Implementation:Scikit learn Scikit learn SpectralClustering
| Knowledge Sources | |
|---|---|
| Domains | Clustering, Graph-Based Clustering |
| Last Updated | 2026-02-08 15:00 GMT |
Overview
Concrete tool for performing spectral clustering via projection of the normalized Laplacian provided by scikit-learn.
Description
SpectralClustering applies clustering to a projection of the normalized graph Laplacian. It constructs an affinity matrix (using a kernel function such as RBF or k-nearest neighbors connectivity), computes a spectral embedding from the graph Laplacian, and then applies K-Means or discretization to the embedding to find clusters.

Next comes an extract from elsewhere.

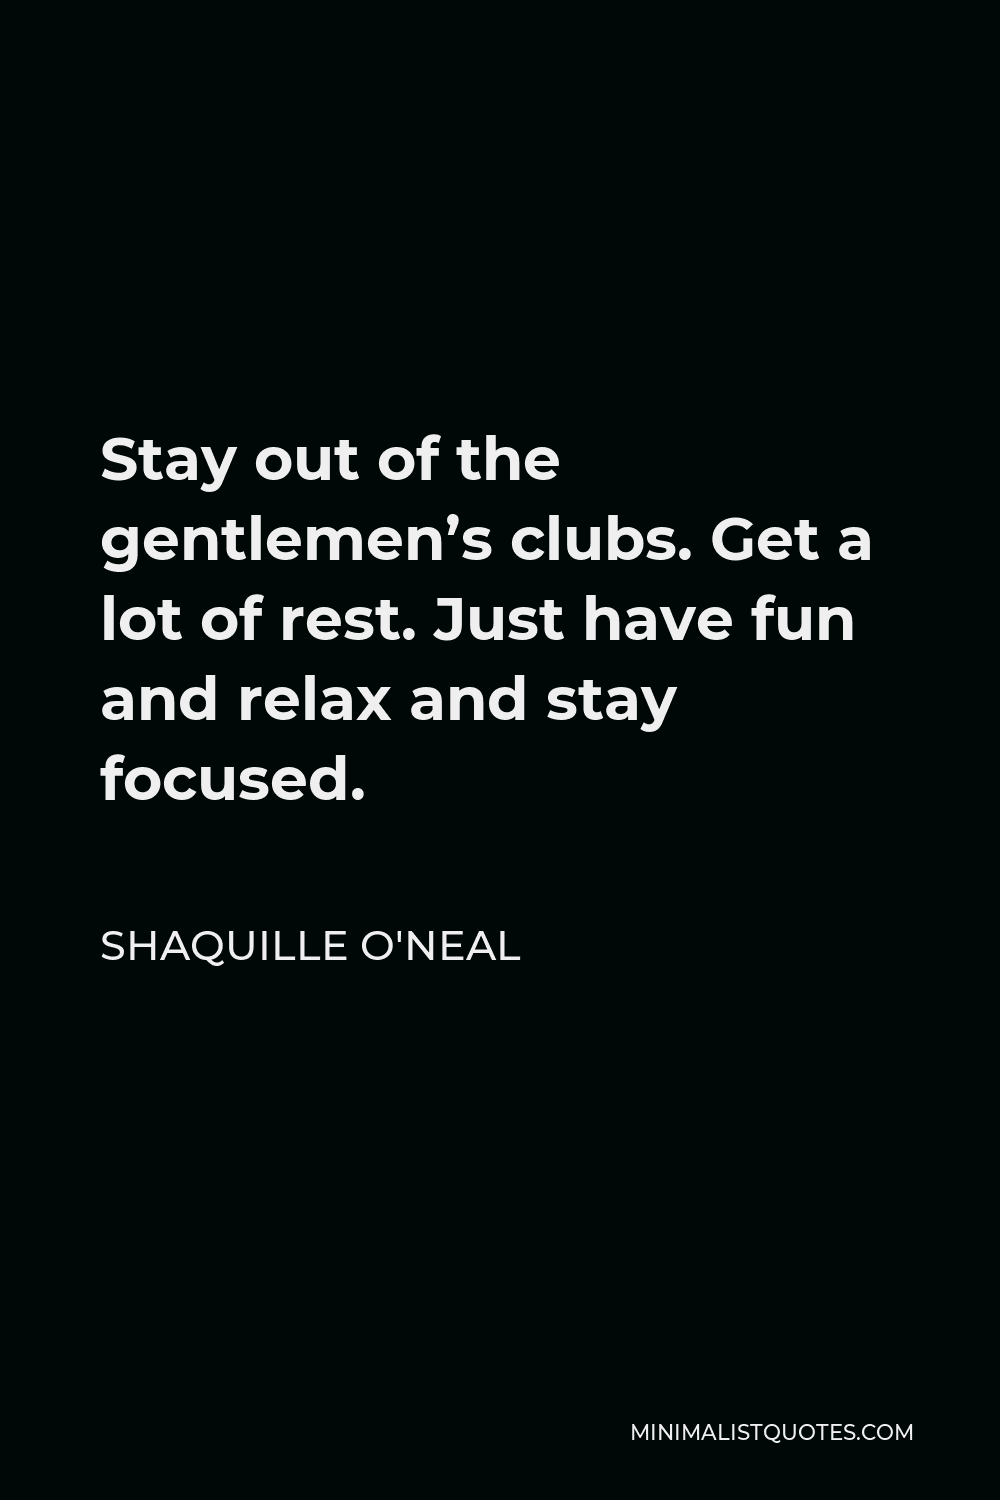 Shaquille O'Neal Quote - Stay out of the gentlemen’s clubs. Get a lot of rest. Just have fun and relax and stay focused.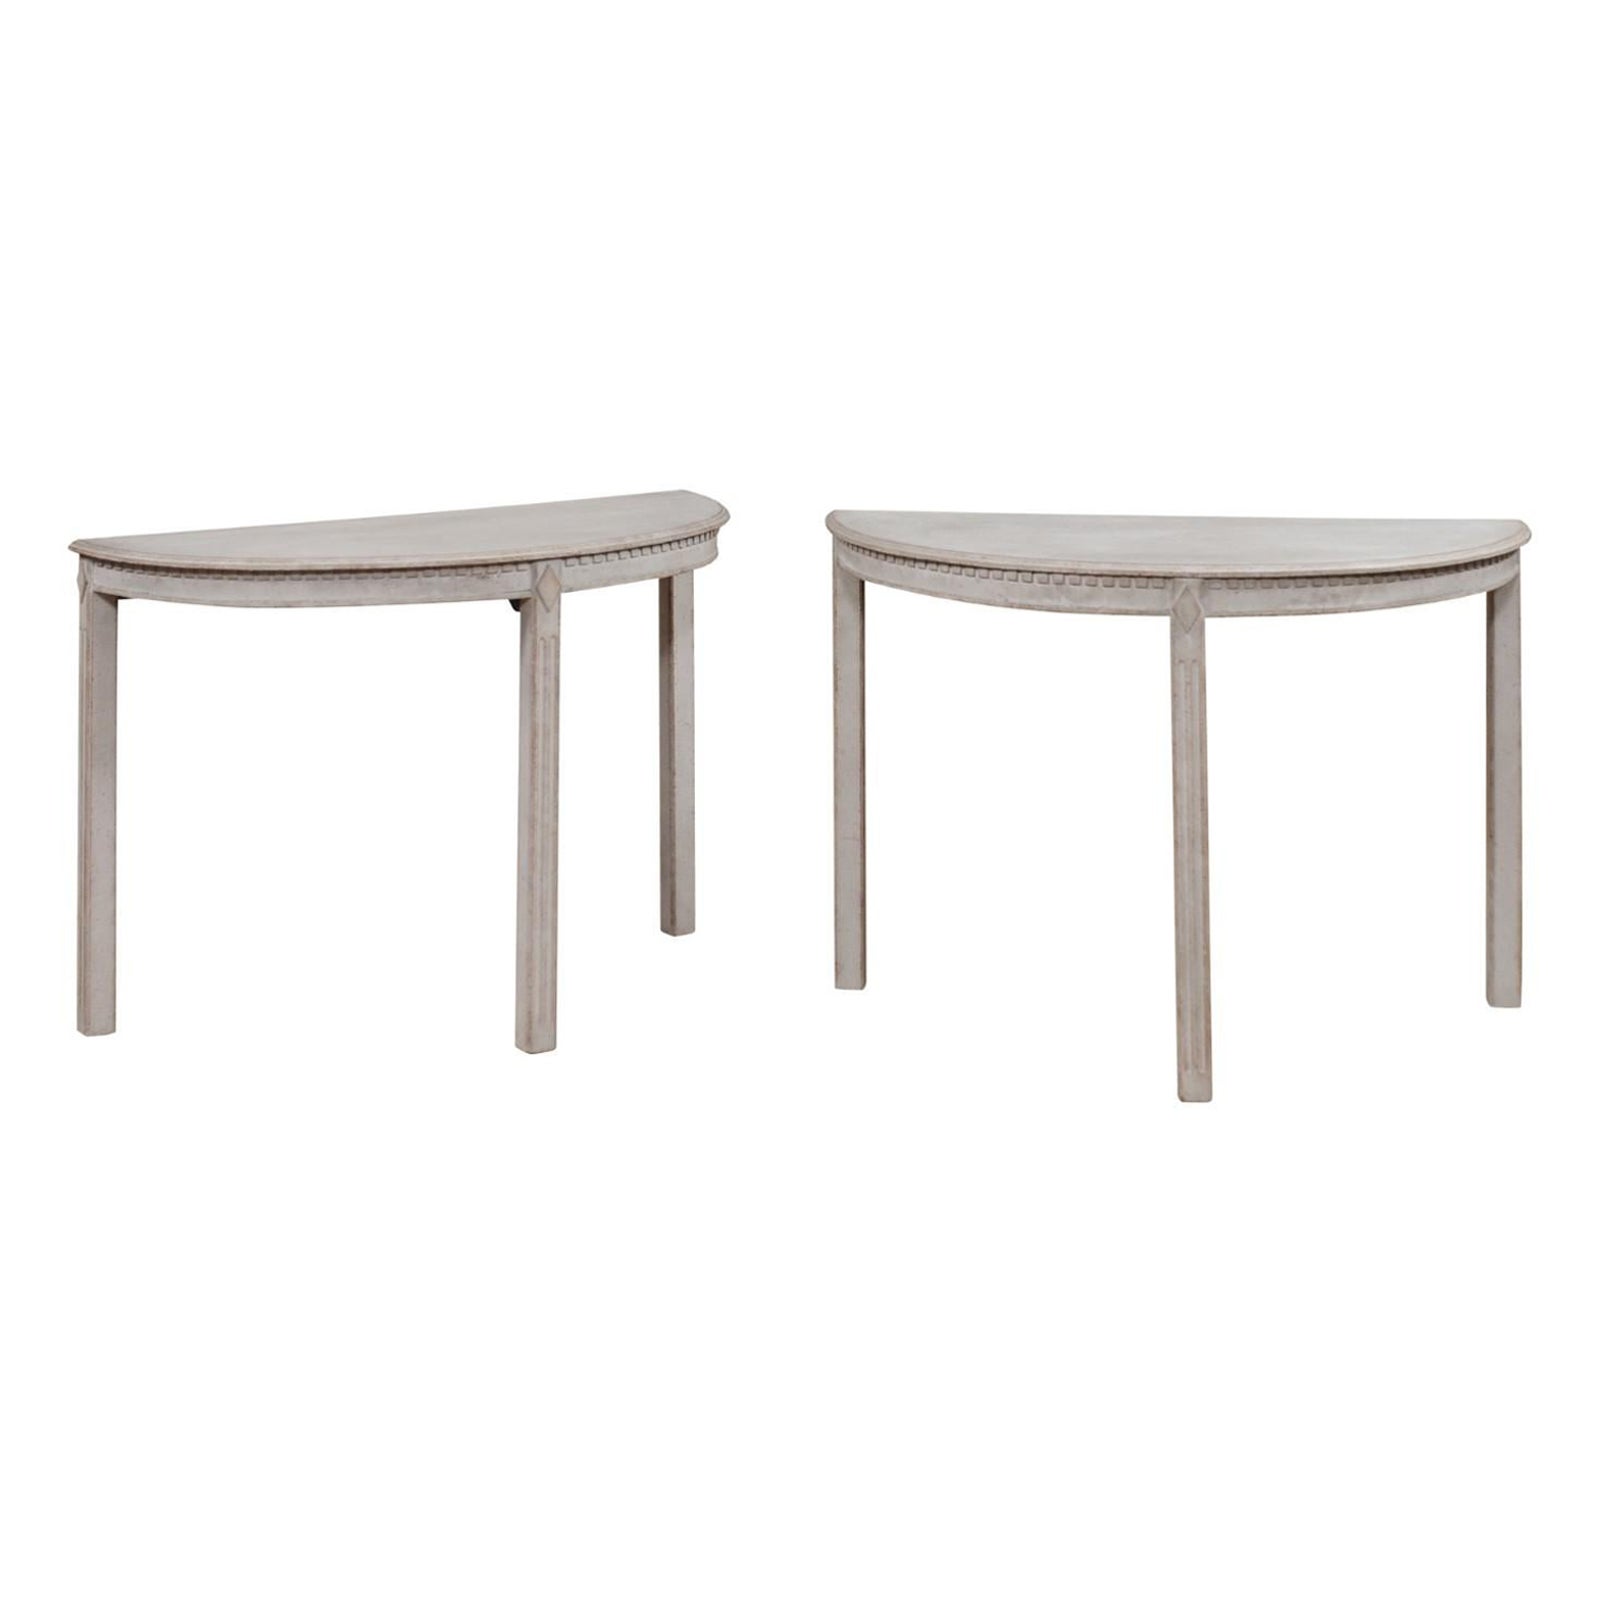 Gray Painted Gustavian Style 1890s Demilune Tables with Carved Dentil, a Pair For Sale

It is particularly effective when the cluster structure is highly non-convex, such as nested circles or complex manifold shapes, where centroid-based methods fail.
Usage
Use SpectralClustering when clusters have non-convex shapes, when data lies on complex manifolds, or when working with graph-structured data where you want to find normalized graph cuts. It is also useful when you have a precomputed affinity or adjacency matrix. Note that it does not scale well to very large datasets.
Code Reference
Source Location
- Repository: scikit-learn
- File: sklearn/cluster/_spectral.py
Signature
class SpectralClustering(ClusterMixin, BaseEstimator):
def __init__(
self,
n_clusters=8,
*,
eigen_solver=None,
n_components=None,
random_state=None,
n_init=10,
gamma=1.0,
affinity="rbf",
n_neighbors=10,
eigen_tol="auto",
assign_labels="kmeans",
degree=3,
coef0=1,
kernel_params=None,
n_jobs=None,
verbose=False,
):
Import
from sklearn.cluster import SpectralClustering
I/O Contract
Inputs
| Name | Type | Required | Description |
|---|---|---|---|
| n_clusters | int | No | Dimension of projection subspace (number of clusters). Default is 8. |
| eigen_solver | str or None | No | Eigenvalue solver: "arpack", "lobpcg", or "amg". Default is None. |
| n_components | int or None | No | Number of eigenvectors for spectral embedding. Default is None (uses n_clusters). |
| random_state | int or RandomState | No | Random state for K-Means initialization and eigenvector computation. Default is None. |
| n_init | int | No | Number of K-Means initializations for label assignment. Default is 10. |
| gamma | float | No | Kernel coefficient for rbf, poly, sigmoid, laplacian, and chi2 kernels. Default is 1.0. |
| affinity | str or callable | No | Affinity construction method: "rbf", "nearest_neighbors", "precomputed", or a kernel name. Default is "rbf". |
| n_neighbors | int | No | Number of neighbors for nearest_neighbors affinity. Default is 10. |
| eigen_tol | float or "auto" | No | Stopping criterion for eigenvalue decomposition. Default is "auto". |
| assign_labels | str | No | Strategy for assigning labels: "kmeans", "discretize", or "cluster_qr". Default is "kmeans". |
| degree | float | No | Degree of the polynomial kernel. Default is 3. |
| coef0 | float | No | Zero coefficient for polynomial and sigmoid kernels. Default is 1. |
| kernel_params | dict or None | No | Parameters for custom kernel functions. Default is None. |
| n_jobs | int or None | No | Number of parallel jobs for nearest neighbors. Default is None. |
| verbose | bool | No | Verbosity mode. Default is False. |
Outputs
| Name | Type | Description |
|---|---|---|
| affinity_matrix_ | ndarray of shape (n_samples, n_samples) | Affinity matrix used for clustering. |
| labels_ | ndarray of shape (n_samples,) | Cluster labels for each sample. |
| n_features_in_ | int | Number of features seen during fit. |
Usage Examples
Basic Usage
from sklearn.cluster import SpectralClustering
import numpy as np
X = np.array([[1, 1], [2, 1], [1, 0],
[4, 7], [3, 5], [3, 6]])
clustering = SpectralClustering(
n_clusters=2, assign_labels="discretize", random_state=0
).fit(X)
print(clustering.labels_)